El Consejo de Participación Ciudadana y Control Social (Cpccs) ha estado en el centro de la controversia política en Ecuador, especialmente en los últimos días, cuando el Consejo de Administración Legislativa (CAL) rechazó un nuevo pedido de juicio político contra sus miembros. Este rechazo, que se produce por segunda vez, ha generado un intenso debate sobre la validez de las firmas presentadas y la integridad del proceso legislativo.
### Contexto del Juicio Político
El juicio político es un mecanismo legal que permite a la Asamblea Nacional destituir a funcionarios públicos por razones específicas, como la falta de idoneidad o la violación de la ley. En este caso, el asambleísta Luis Molina, de la Revolución Ciudadana, presentó un pedido para enjuiciar a cinco integrantes del Cpccs, acusándolos de irregularidades en su desempeño. Sin embargo, el CAL, dominado por el movimiento Acción Democrática Nacional (ADN), argumentó que había inconsistencias en las firmas que respaldaban la solicitud, lo que llevó a su rechazo.
Inés Alarcón, una de las asambleístas de ADN, destacó que el pedido de juicio político no solo carecía de las firmas necesarias, sino que también planteó dudas sobre la responsabilidad de los proponentes. «Es alarmante que el señor Molina ingrese el pedido de juicio, pero él mismo no firma», afirmó Alarcón, sugiriendo que los documentos podrían haber sido firmados por asesores en lugar de los propios legisladores.
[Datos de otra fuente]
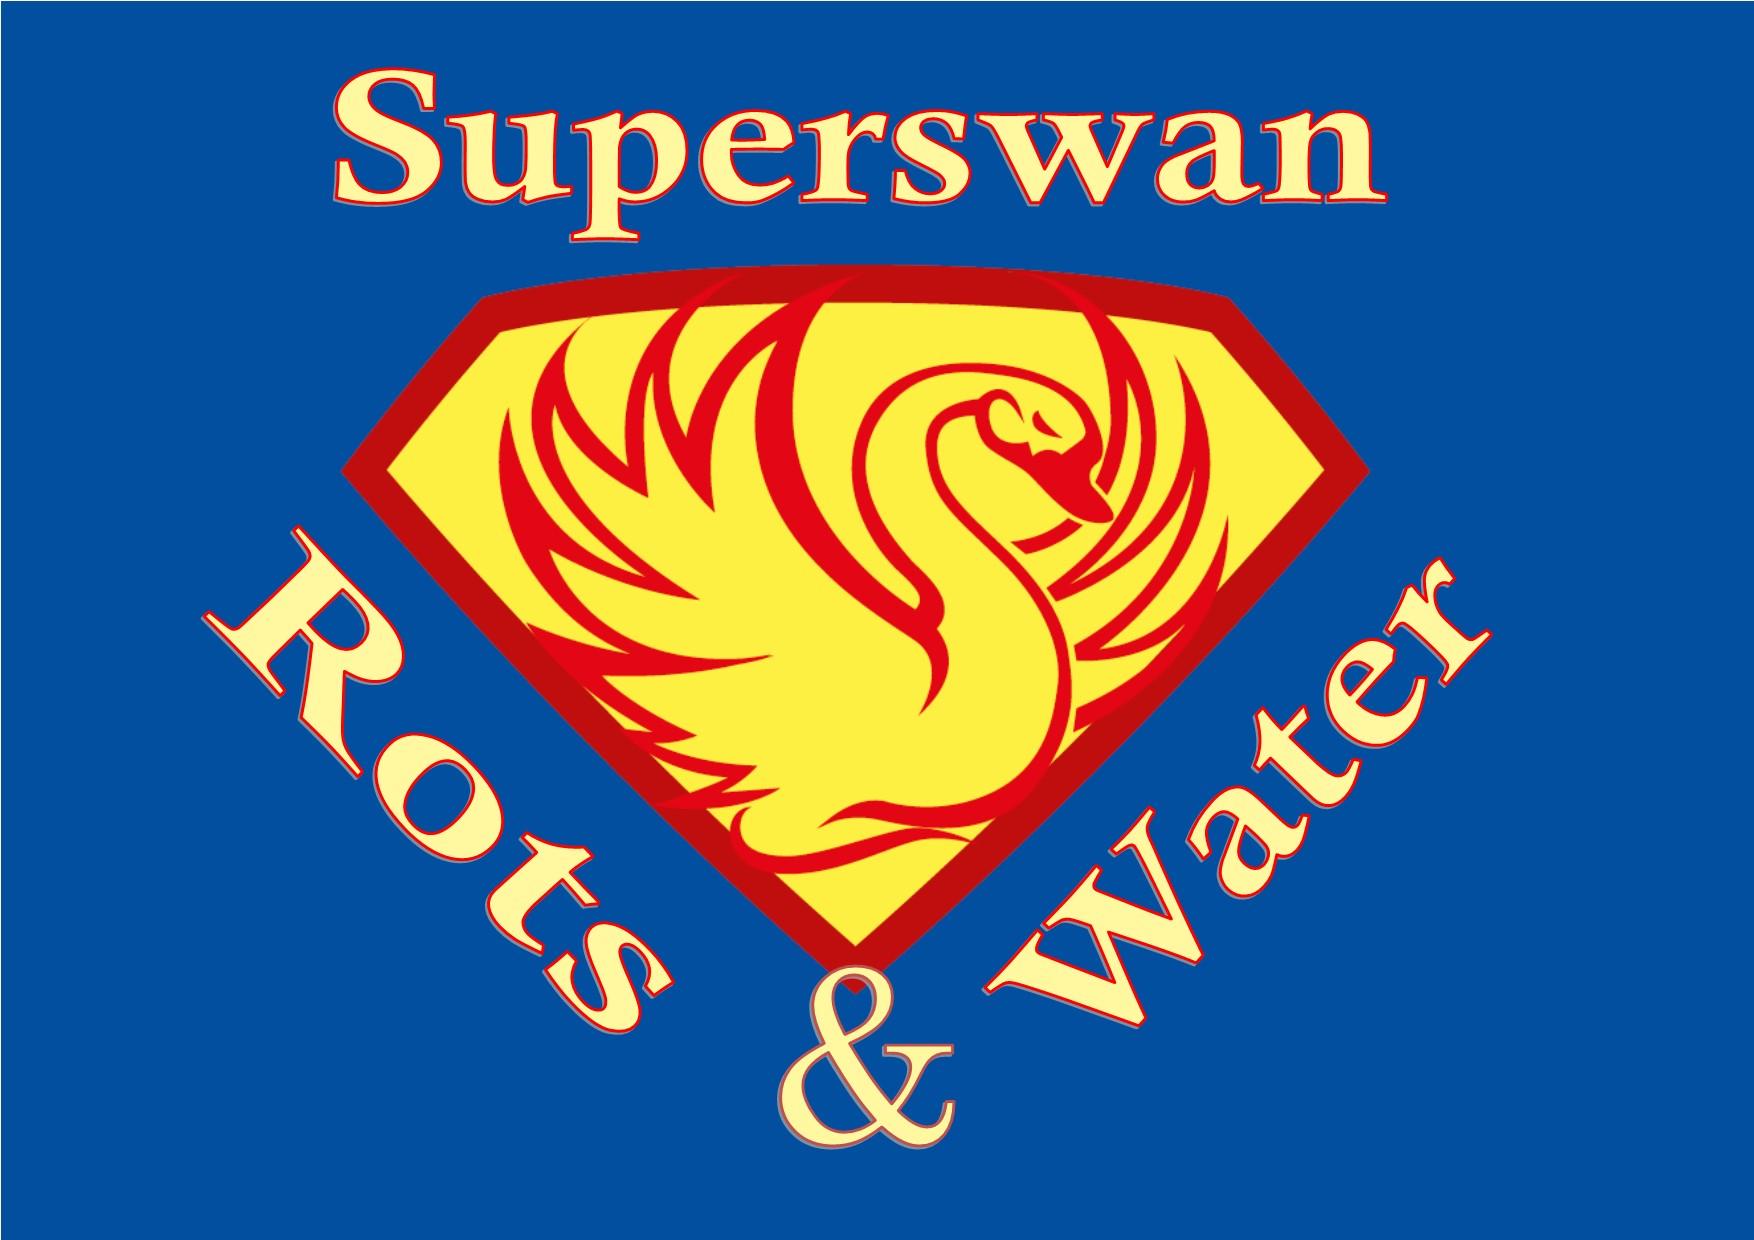 superswan-rw-logo

Esta situación ha llevado a cuestionar la seriedad y la preparación de la Revolución Ciudadana en sus intentos de enjuiciar a los consejeros.
### La Respuesta del Correísmo
A pesar del rechazo del CAL, el correísmo, liderado por Molina, no se rinde y ha anunciado su intención de presentar un tercer pedido de juicio político el próximo 27 de enero. Esta vez, el enfoque será diferente: las firmas se recogerán de manera manual, en un intento por evitar las inconsistencias que llevaron al rechazo anterior. Molina ha calificado la decisión del CAL como un «blindaje» para proteger a los miembros del Cpccs, quienes están bajo un intenso escrutinio debido a su papel en la designación de Mario Godoy como presidente del Consejo de la Judicatura.
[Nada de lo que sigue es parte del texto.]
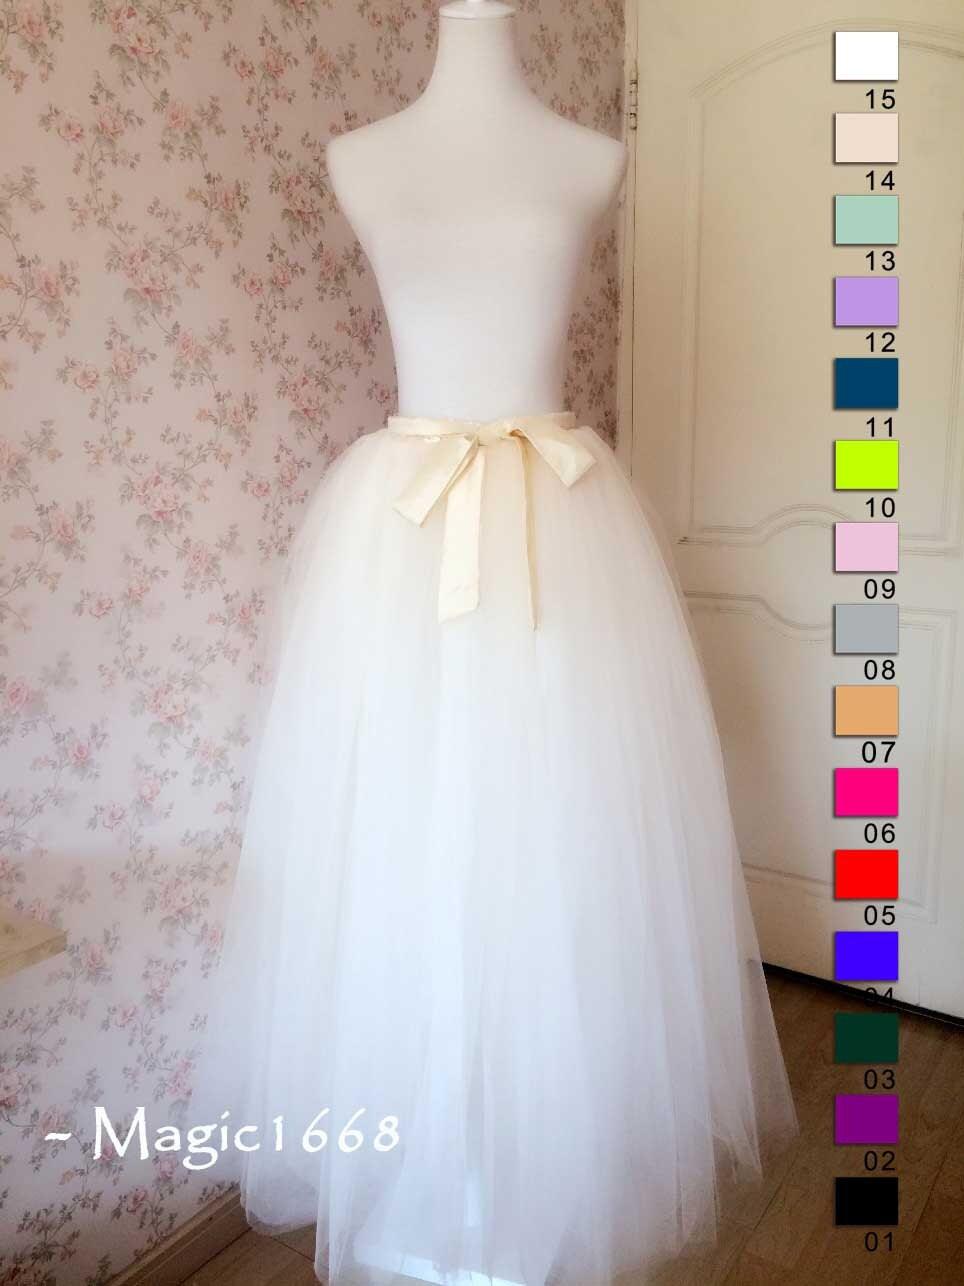 6daec7b67a White Cream Tulle Tutu Skirt Adult 5 7 layer Maxi Tutu Skirt Girls Floor  length Party Tutus Plus Size Custom made Tutu – magic1668 design

Godoy, quien enfrenta su propio pedido de juicio político, ha sido objeto de críticas por supuestas presiones ejercidas sobre un juez para favorecer a un narcotraficante en un caso de lavado de activos. Este escándalo ha añadido una capa de complejidad a la situación, ya que la credibilidad del Cpccs y de sus decisiones está en juego. La Revolución Ciudadana ha argumentado que la designación de Godoy fue problemática desde el principio, y ahora buscan responsabilizar a los consejeros que votaron a favor de su nombramiento.
El clima político en Ecuador se ha vuelto cada vez más tenso, con acusaciones de manipulación y falta de transparencia en el proceso legislativo. La situación actual plantea preguntas sobre la efectividad del sistema de control y equilibrio en el país, así como sobre la capacidad de la Asamblea Nacional para manejar estos conflictos de manera justa y eficiente.
### Implicaciones para el Futuro
La insistencia del correísmo en presentar un nuevo pedido de juicio político podría tener varias implicaciones. En primer lugar, podría intensificar la polarización política en el país, ya que los diferentes bloques legislativos se alinean en torno a sus respectivas posiciones. Además, el hecho de que el CAL haya rechazado dos veces el pedido de juicio político podría llevar a un debilitamiento de la confianza pública en las instituciones, especialmente si la percepción es que hay un intento de proteger a ciertos funcionarios.
Por otro lado, la decisión de recoger firmas manualmente podría ser un movimiento estratégico para ganar apoyo popular y demostrar que el correísmo está dispuesto a luchar por la rendición de cuentas. Sin embargo, también existe el riesgo de que este enfoque sea visto como una táctica desesperada, lo que podría afectar negativamente la imagen del movimiento.
En resumen, la situación en torno al Cpccs y el juicio político es un reflejo de las tensiones políticas en Ecuador. A medida que se acercan las nuevas fechas para la presentación del pedido, todos los ojos estarán puestos en cómo se desarrollarán los acontecimientos y qué impacto tendrán en el futuro político del país. La capacidad de la Asamblea Nacional para manejar este tipo de conflictos será crucial para la estabilidad política y la confianza pública en las instituciones.